Water, O2, CO2, urea = never pumped; always passively moving.
- Describe the main routes of excretion of metabolic wastes - CO2 and urea, in particular.
We have 15 moles of metabolic waste that we need to get rid of each day.
Most of it, ~14.5-15 moles of waste is gotten rid of via breathing out CO2, which is volatile so it is simple exhaled with no need for any special transporters (lipid soluble). Some water is also lost this way.
Rest of waste is non-volatile falls to the kidney to get rid of them. (If not uremia = urine in blood). Majority of non-volatile waste is urea, rest are protons. Like lungs, in kidney, blood capillaries pass close to ends of dead-end tubules (in glomerulus or alveoli) chemical substances move from blood into tubules. Instead of selectively pumping waste products, kidney forms an ultrafiltrate of plasma that contains all the good things (sugars, AAs, etc.) and reabsorbs then (pumps them back into the blood the tings it wants to keep). Wastes just pass on. Requires lots of ATP.
About 30 mmoles of waste excreted by GI tract, tends to be breakdown products of RBCs, which are toxic. Otherwise excretes things we couldn’t really absorb in the first place.
- Compare and contrast the relative roles of the G.I. tract (minimal) and kidney (extensive) in excreting non-volatile metabolic wastes and regulating ECF composition.

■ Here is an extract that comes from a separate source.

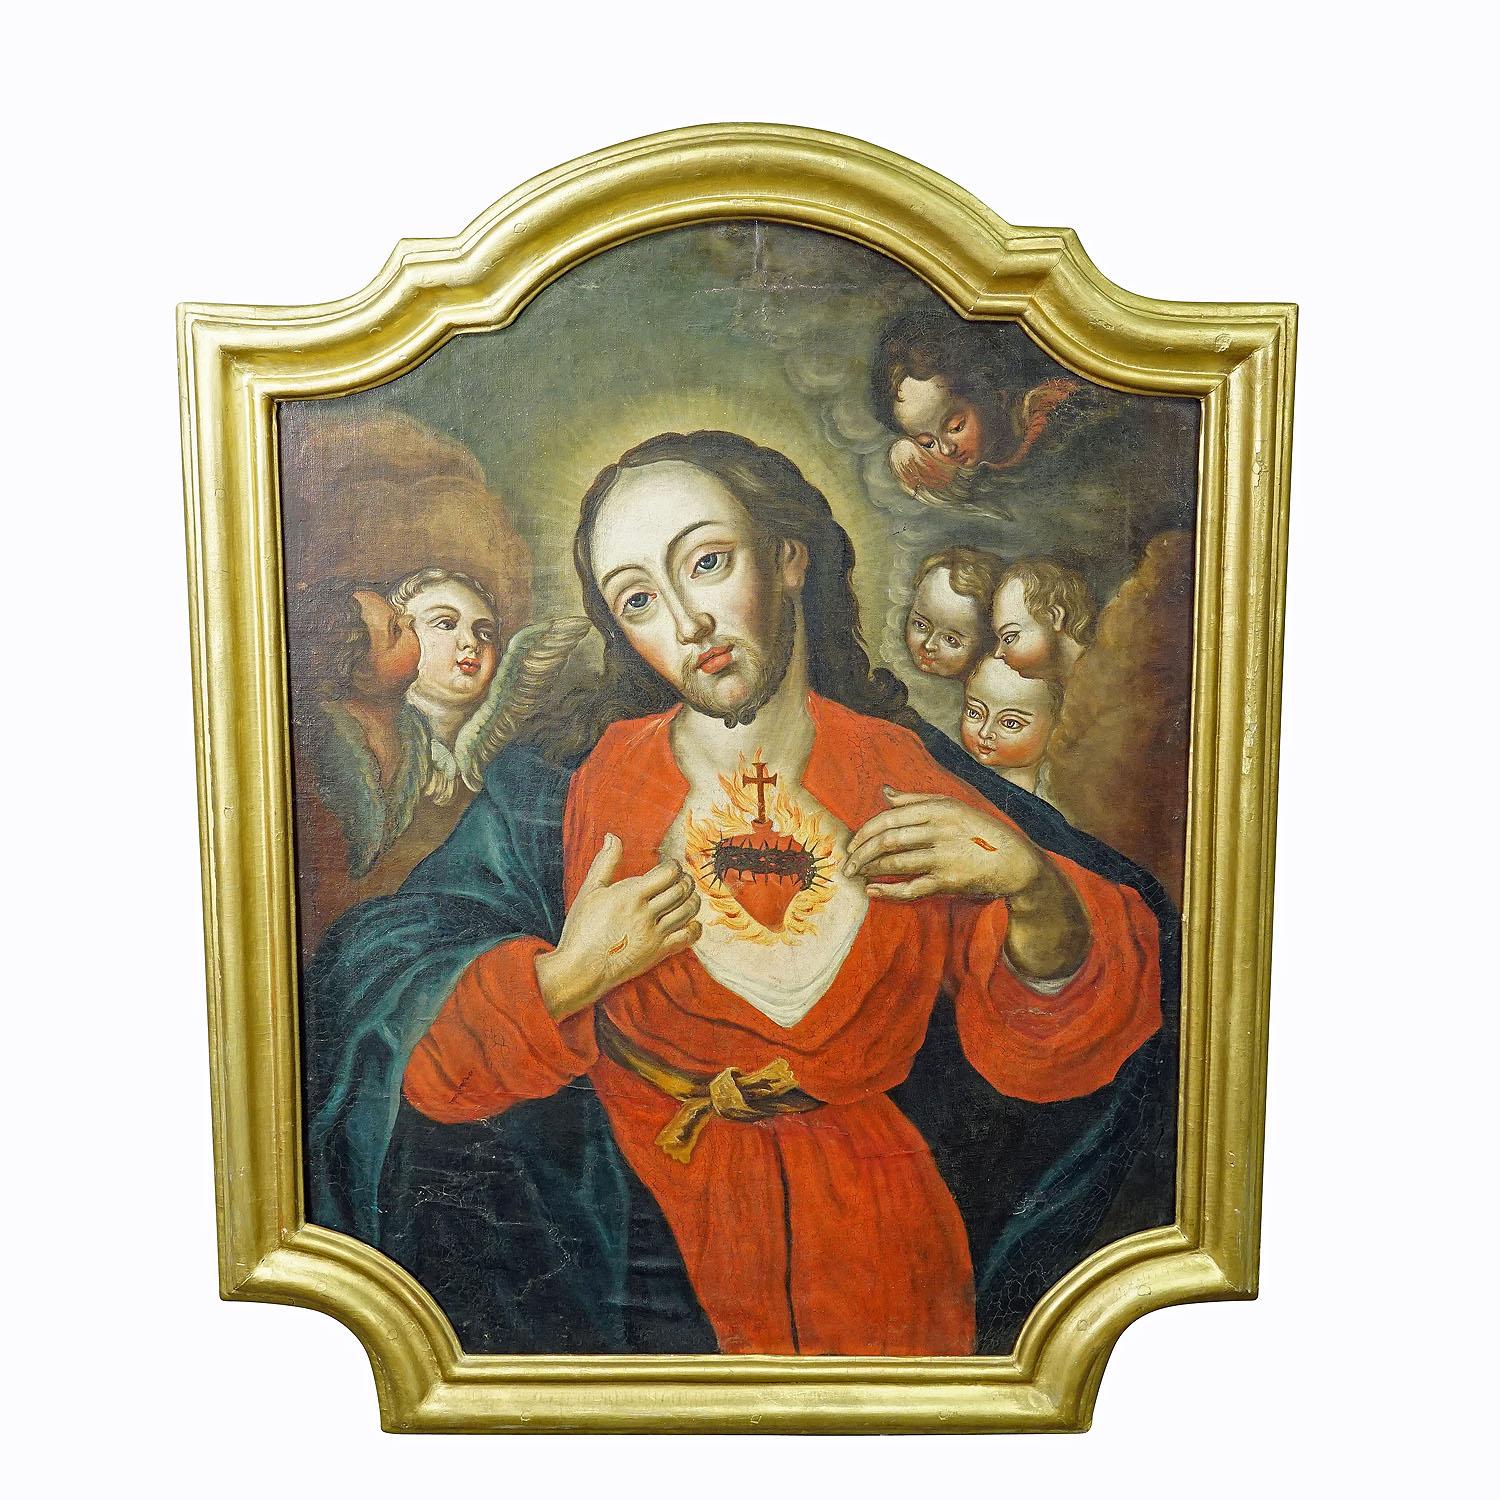 Le Sacré-Cœur de Jésus, peinture à l'huile sur toile 18e siècle

Peinture à l'huile ancienne représentant le cœur sacré de Jésus. Huile sur toile avec des couleurs pastel. Le symbolisme de cette représentation est que le cœur transpercé du crucifié

GI tract absorbs everything. has no job in exccreting metabolic waste. kidney does everything.
- Identify the main function of the kidney, and explain how it is designed to do this: “I know what I like.”
Most important job of kidney is to get rid of non-volatile metabolic waste since no other organ can do it. Instead of using transporters to pump out the waste products, the kidney does the opposite because it ‘knows what it likes’ and instead forms a huge ultrafiltrate of all beneficial compounds + waste products and selectively reabsorbs all the good stuff while letting waste pass on.
Its the house cleaning example. it takes everything out of the house first and then takes back what it needs.